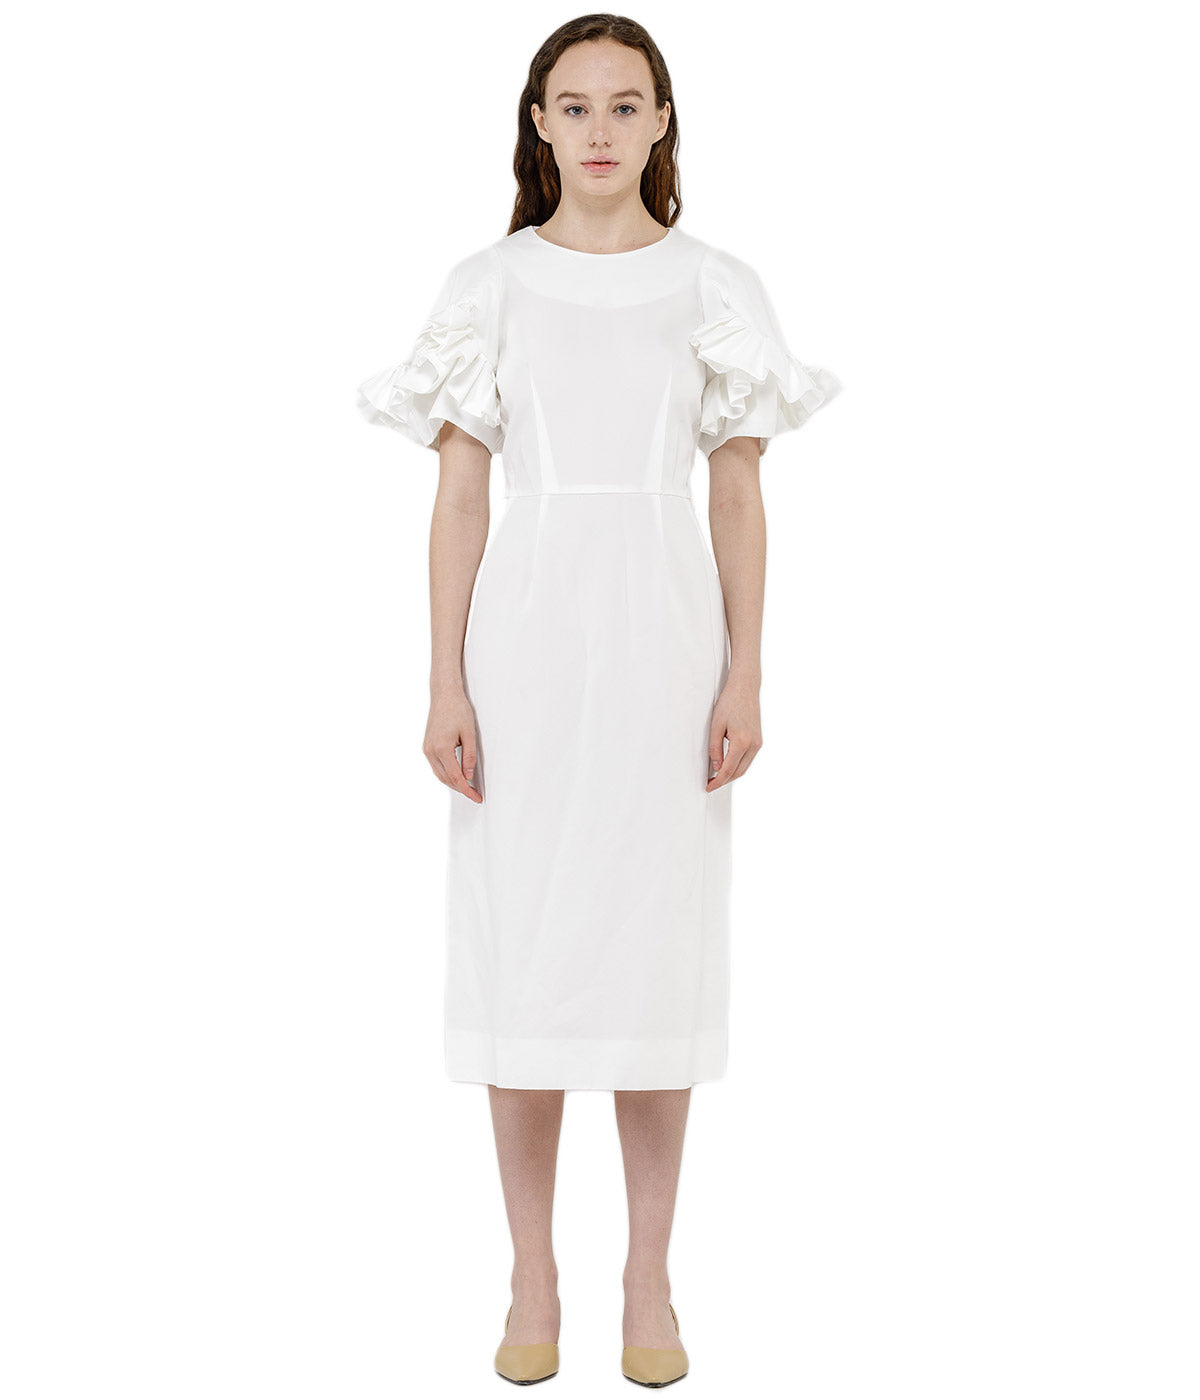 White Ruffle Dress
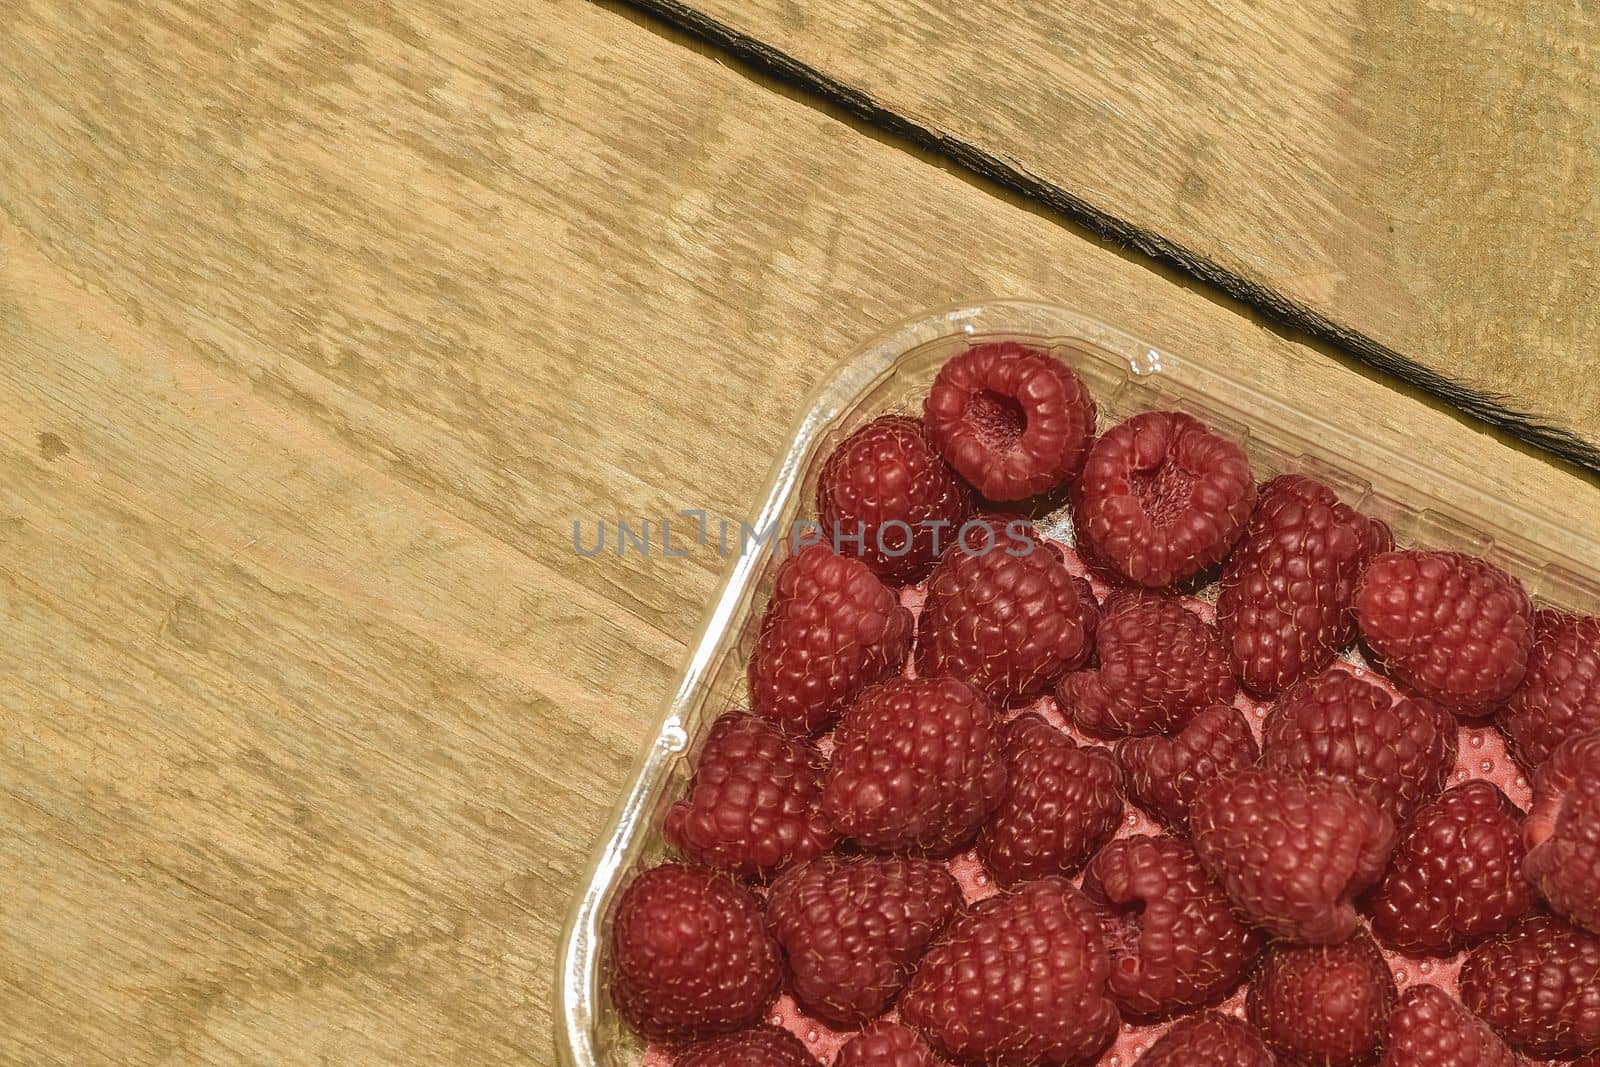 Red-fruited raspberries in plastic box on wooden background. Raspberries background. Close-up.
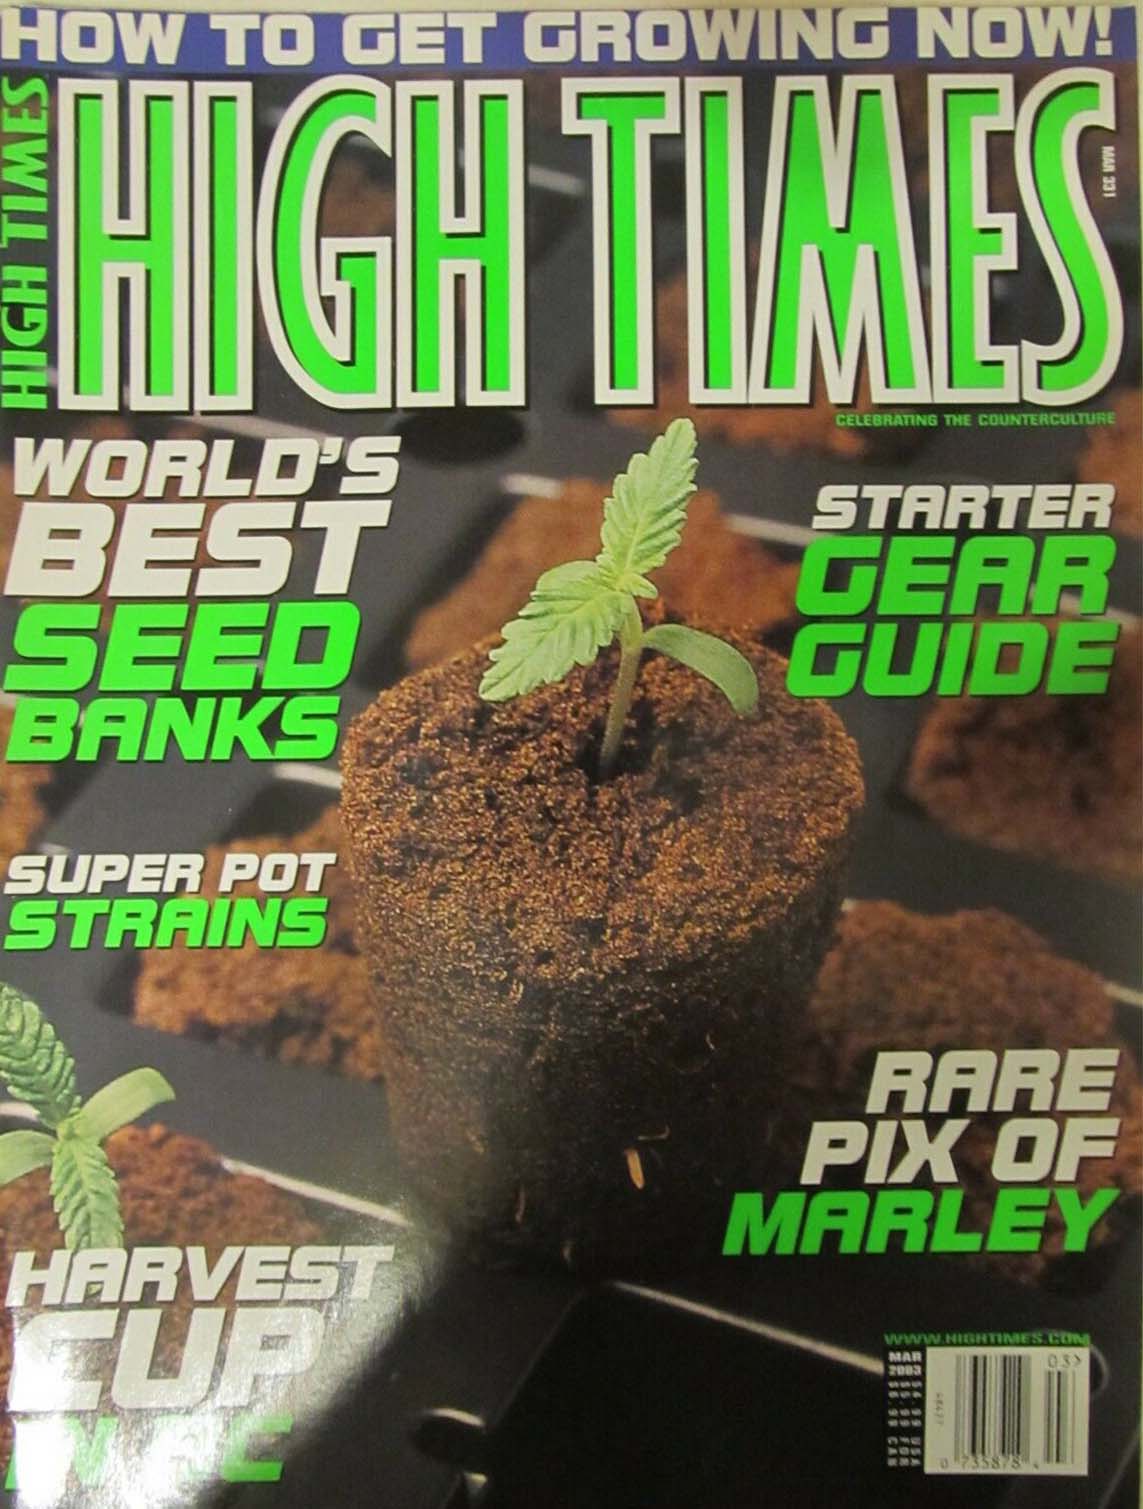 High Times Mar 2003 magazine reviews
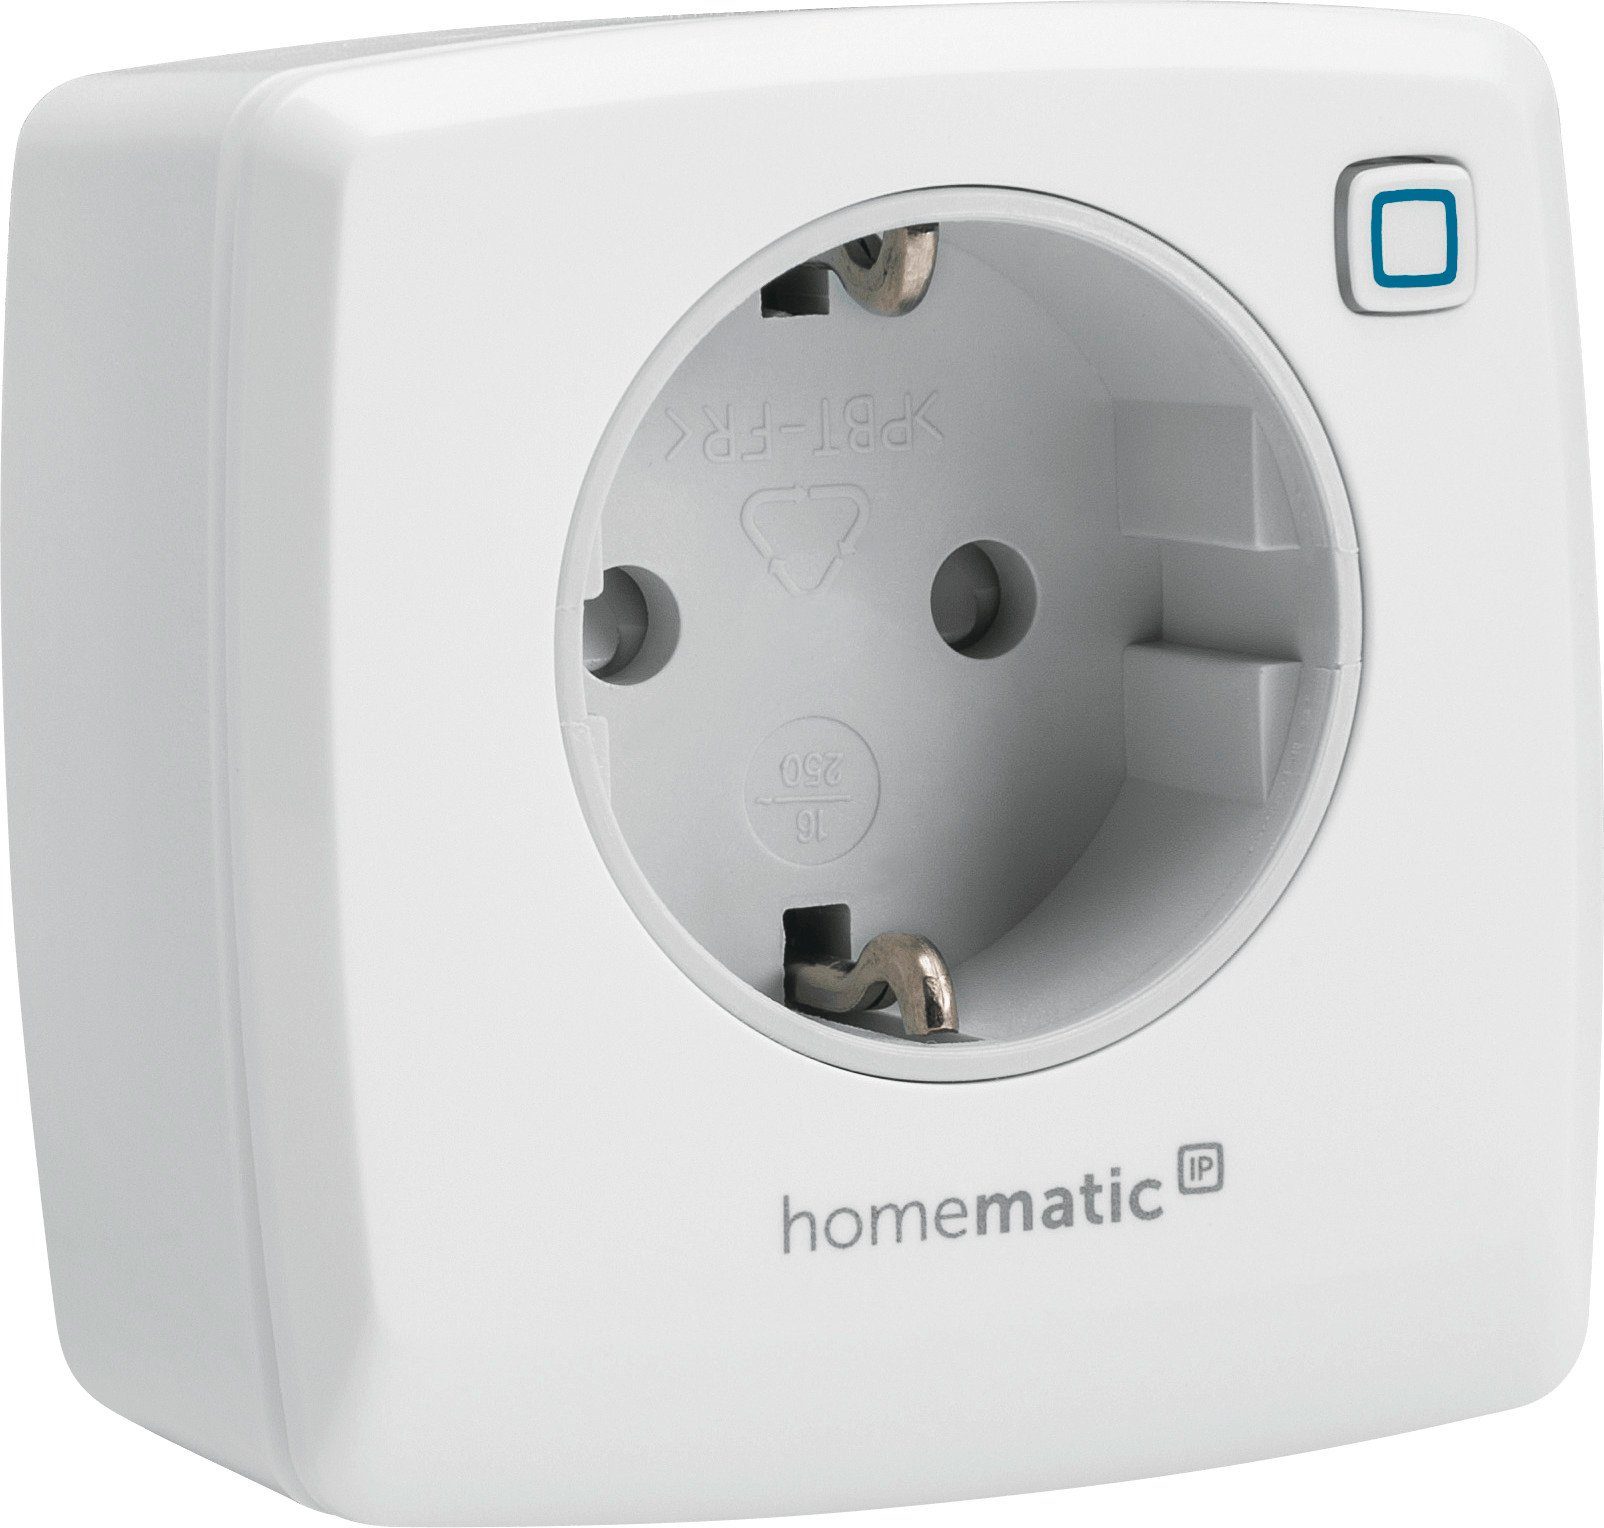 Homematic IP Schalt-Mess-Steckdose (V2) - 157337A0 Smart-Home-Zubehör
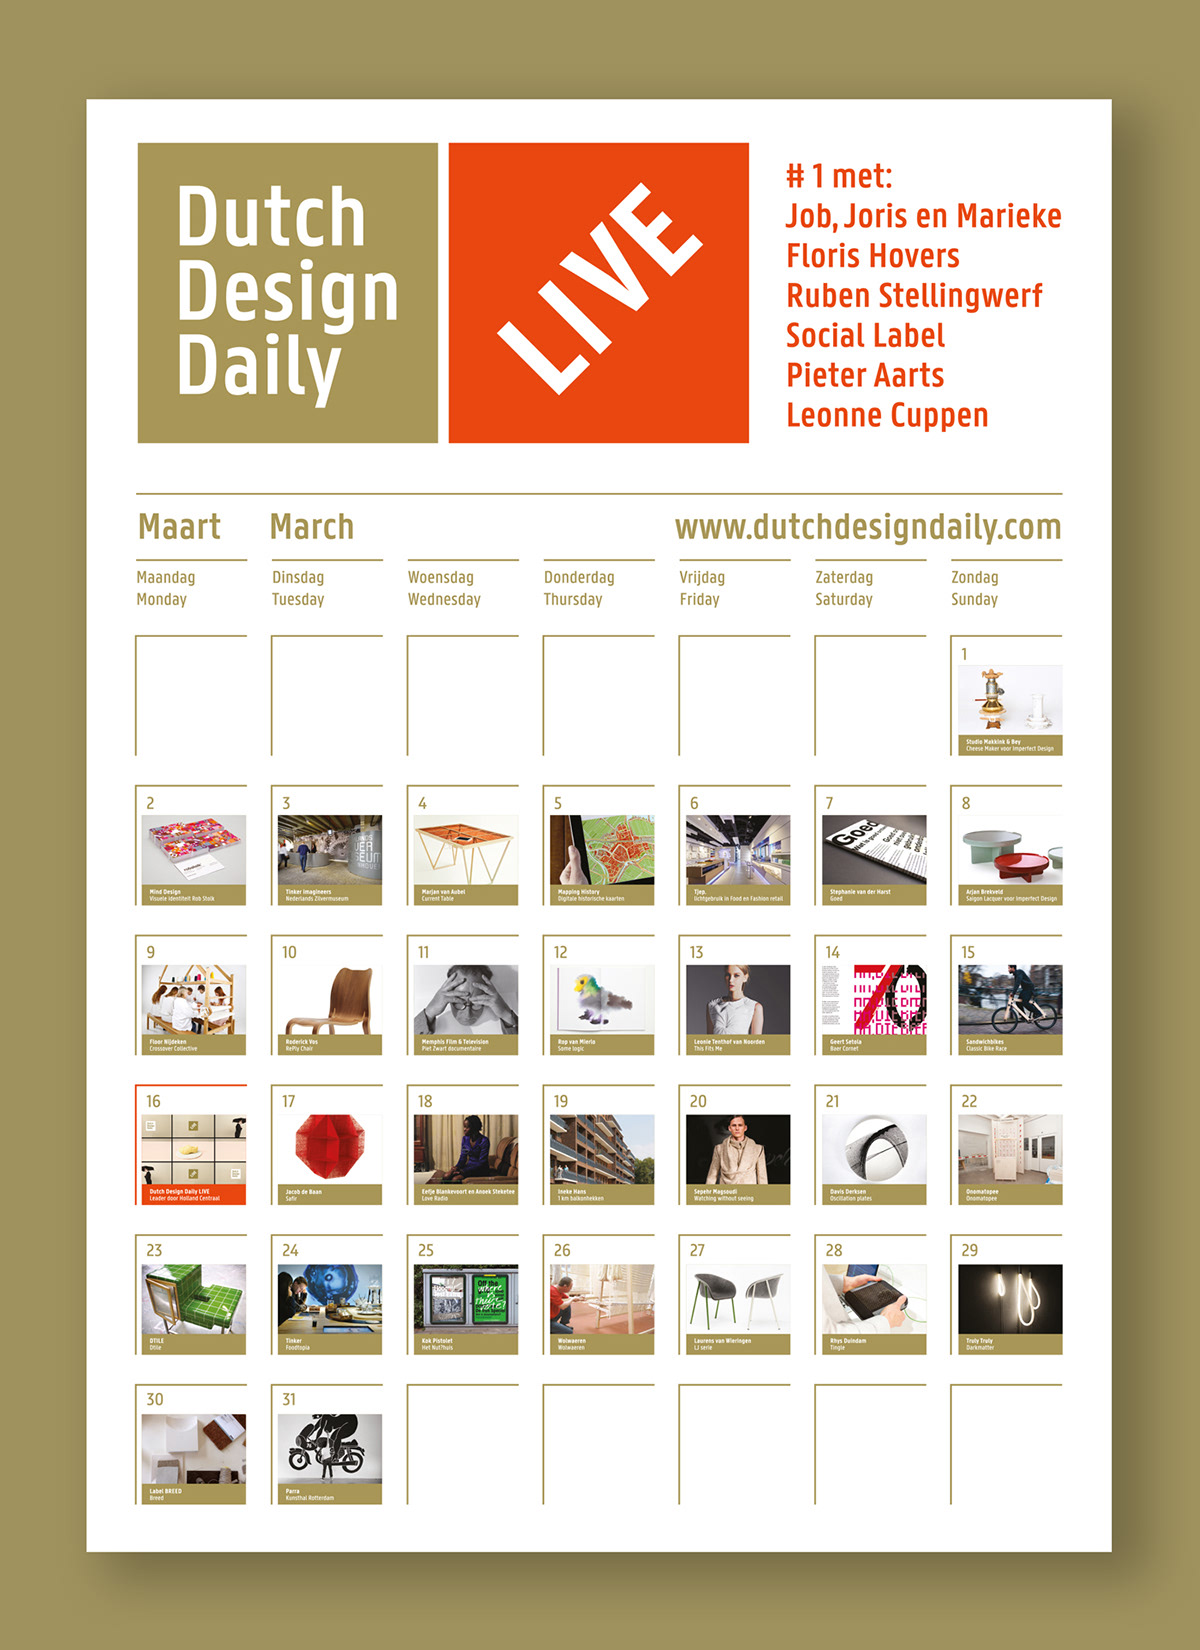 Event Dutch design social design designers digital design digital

Try it -
Each entry above should be reproduced exactly, with the pictures removed.

Written solution -
 White Ruffle Dress
 Red-fruited raspberries in plastic box on wooden background. Raspberries background. Close-up.
 High Times Mar 2003 magazine reviews
 Homematic IP Schalt-Mess-Steckdose (V2) - 157337A0 Smart-Home-Zubehör
 Event Dutch design social design designers digital design digital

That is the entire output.